25 Aralık 2012 Salı

Geldik gidiyoruz.

   Daha geldiğimiz ilk günü dün gibi hatırlıyorum lan. Bin bir zahmetle Viyana'dan Bratislava'ya gelişimizi,   otobüste bagaj başına 1 euro ödememiz gerektiğini duyan ve 2 bagajı olan Başak'ın tepkisini...
  Otobüste tanıştığımız Türk abinin Bratislava'ya iner inmez sevgilisini görünce bizi unutup gitmesini, bizim göt gibi kalıp otobüs saatlerini bulmaya çalışmamızı...
   Trnava'ya inince yurda yürümeyle 10 dk mesafede olmamıza rağmen taksiyle gitmeye çalışıp taksiciye kendimizi anlatamamamızı... Tarzancaya başvurup yine de sonuç alamayışımı, yoldan geçenlerden medet umup kimsenin İngilizce bilmediğine kanaat getirişimizi, sonunda yurda ulaşma konusunda tüm umutlarımız tükenince bankta yatmayı düşünmemi...
Tam o sırada yoldan geçen ve Polonyalı Erasmus öğrencisi olan kurtarıcımız Ola sayesinde zar zor yurda gelişimizi... Hatta sürekli devrilen valizime inat karizmayı ayakta tutmaya çalışmamı...
 Yurda gelince Bartek ve Agnieska'nın da valizlerimize el atıp Polonya'ya karşı sempati kazanmamıza sebep olmalarını...
    Hatta yatakların baza olmasını hiç düşünmeden her gün resepsiyondaki yaşlı ve İngilizcesi olmayan amcanın yanına gidip yastık-yorgan istememizi (tabi amcanın anlamayışını), kaç gün öyle yastıksız yorgansız yattıktan sonra temizlikçi teyzelerin yatağın altındaki bazayı acıp yorganları göstermesini.. O an ki mal durumumuzu. (Onca gün yorganlar altımızda yatmış.) Mal gibi hissetmedim desem yalan olur.

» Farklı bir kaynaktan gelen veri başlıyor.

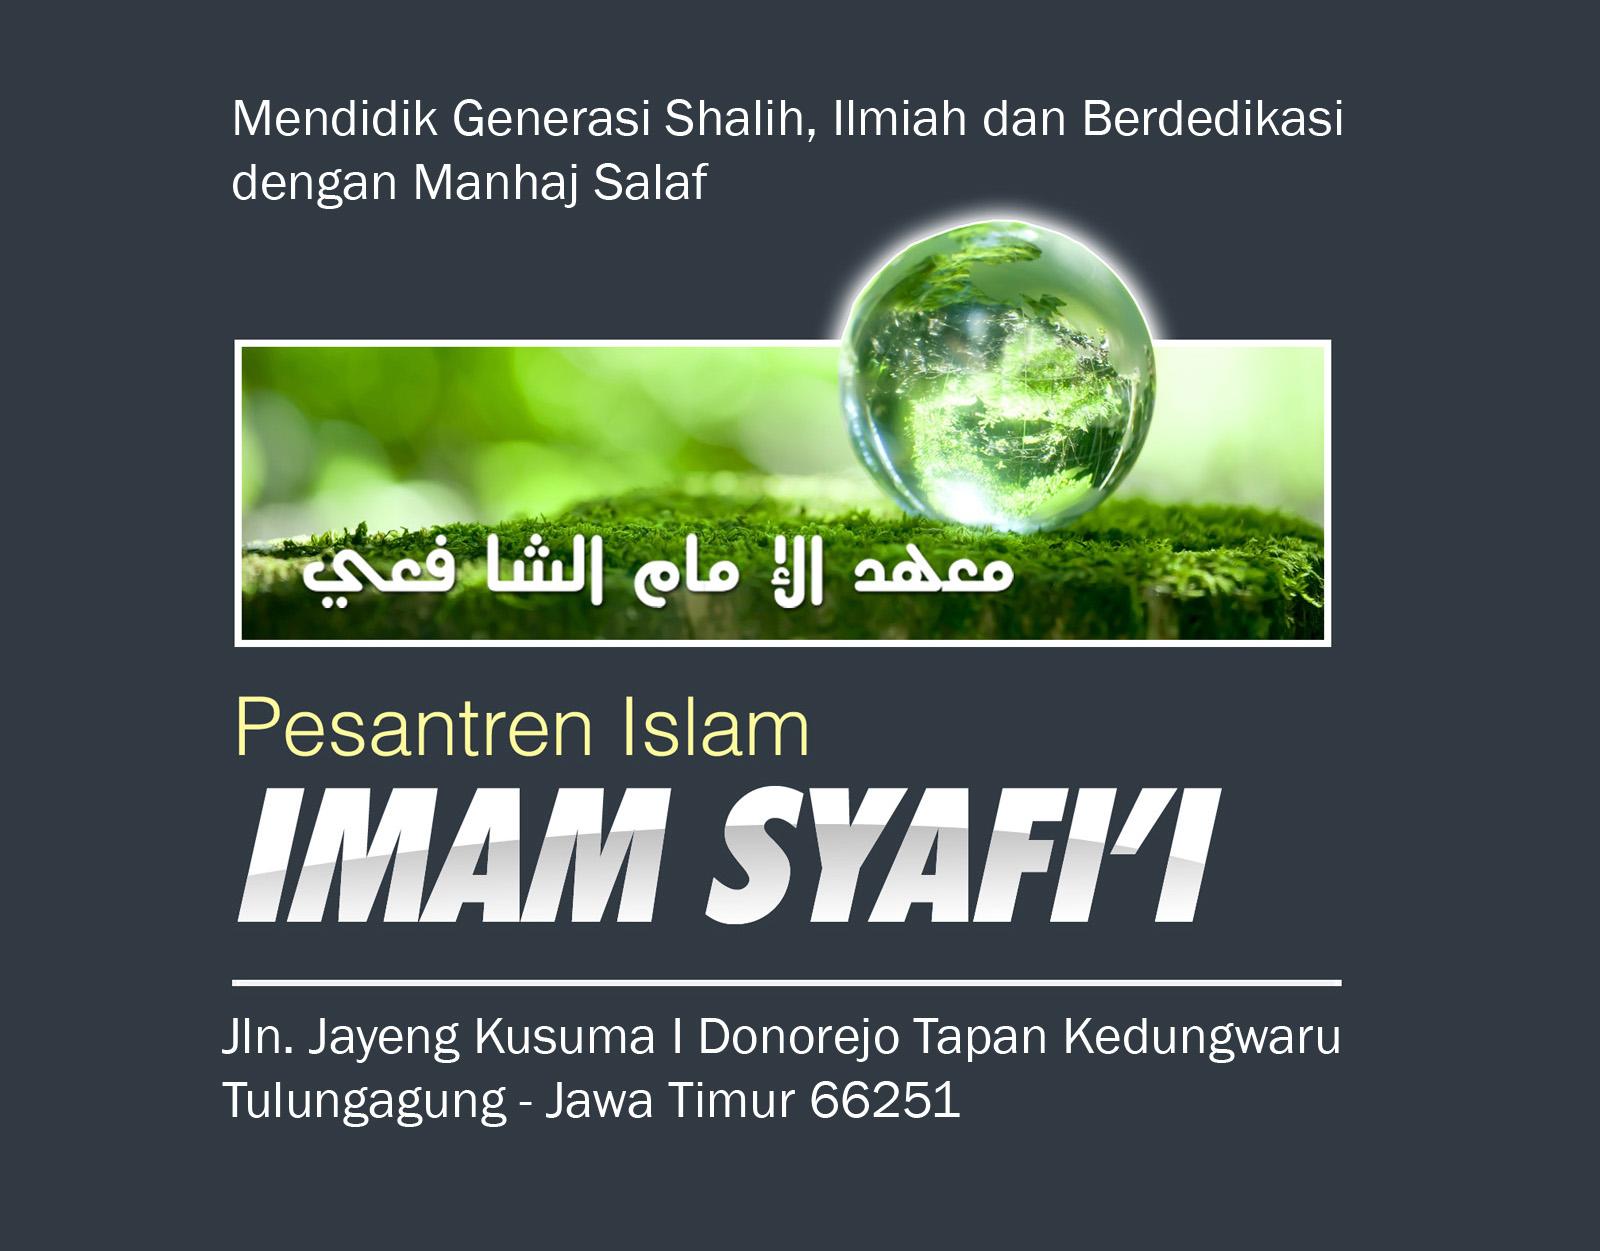 Ponpes Imam Syafi'i Tulungagung - Jawa Timur
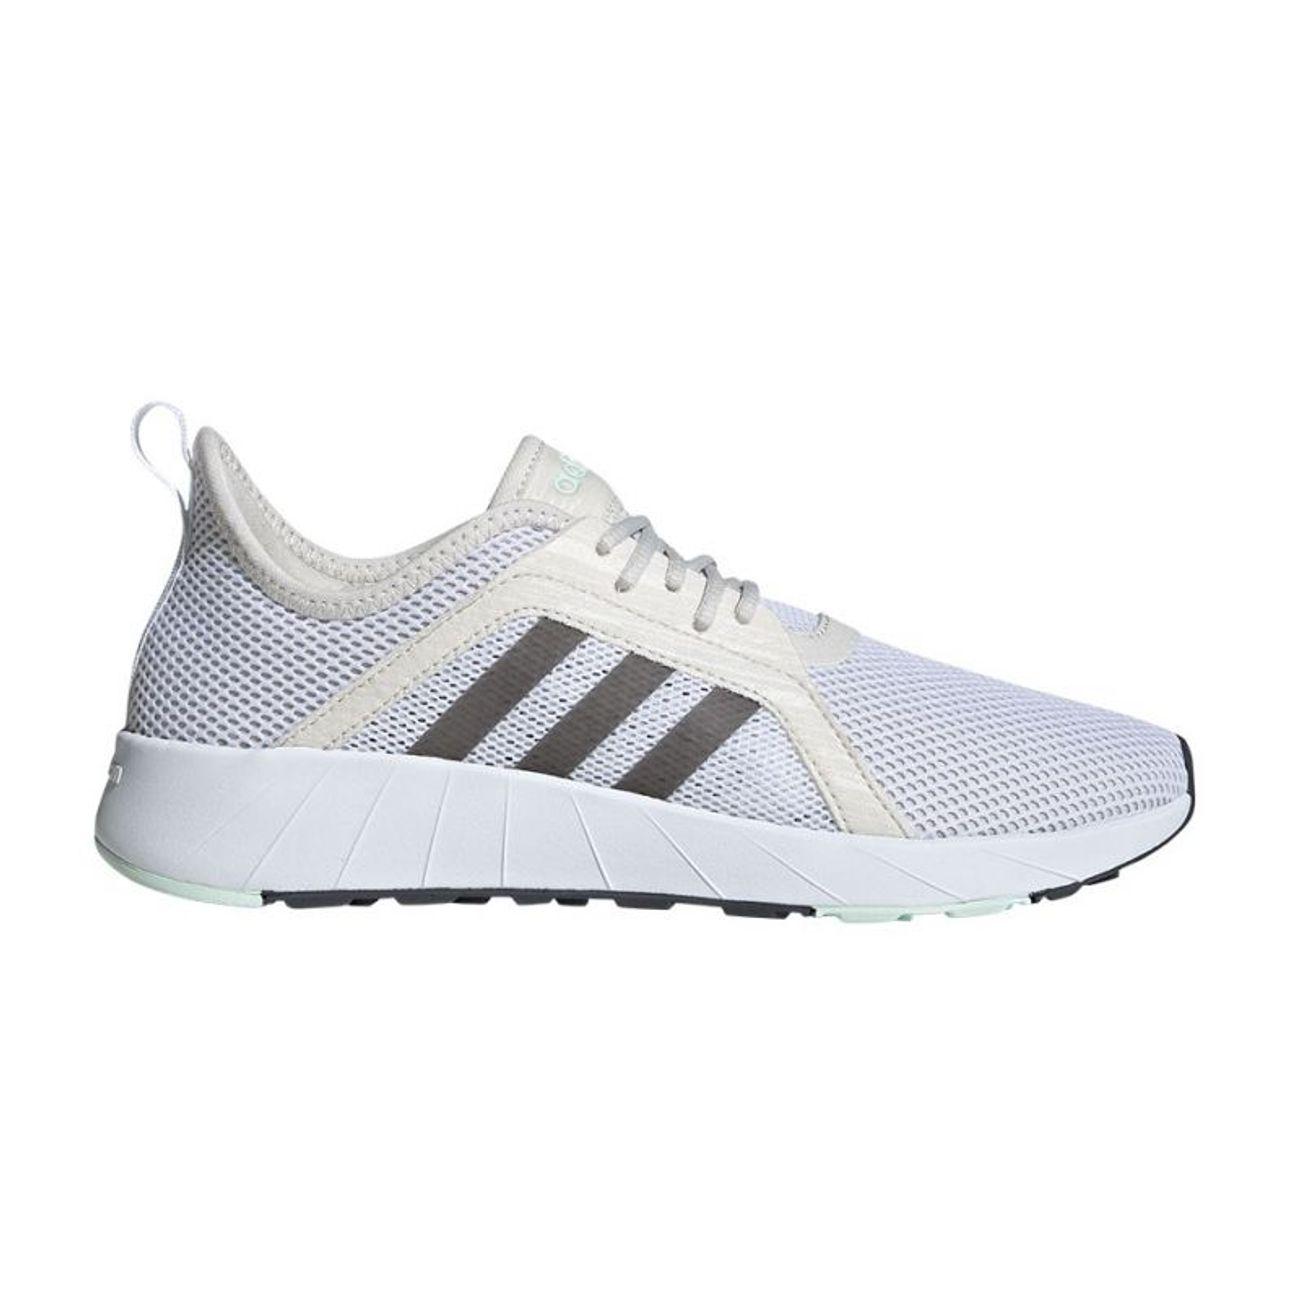 Padel Adidas Run Negro Khoe F97195 Adulte Mujer Blanco CxroWedB

  İlk geldiğimizde alışveriş yapmaya gidip eli boş dönmemizi, her şeyi Türk Lirasına çevirdiğimizden hiç bir şey satın alamamamızı,sıvı yağın içinde bile domuz yağı olabileceğini düşünmemizi... Hepsini dün gibi hatırlıyorum. Ama şuan çok açım düşünemiyorum.
                                   NEYSE GÜZELDİ İŞTE.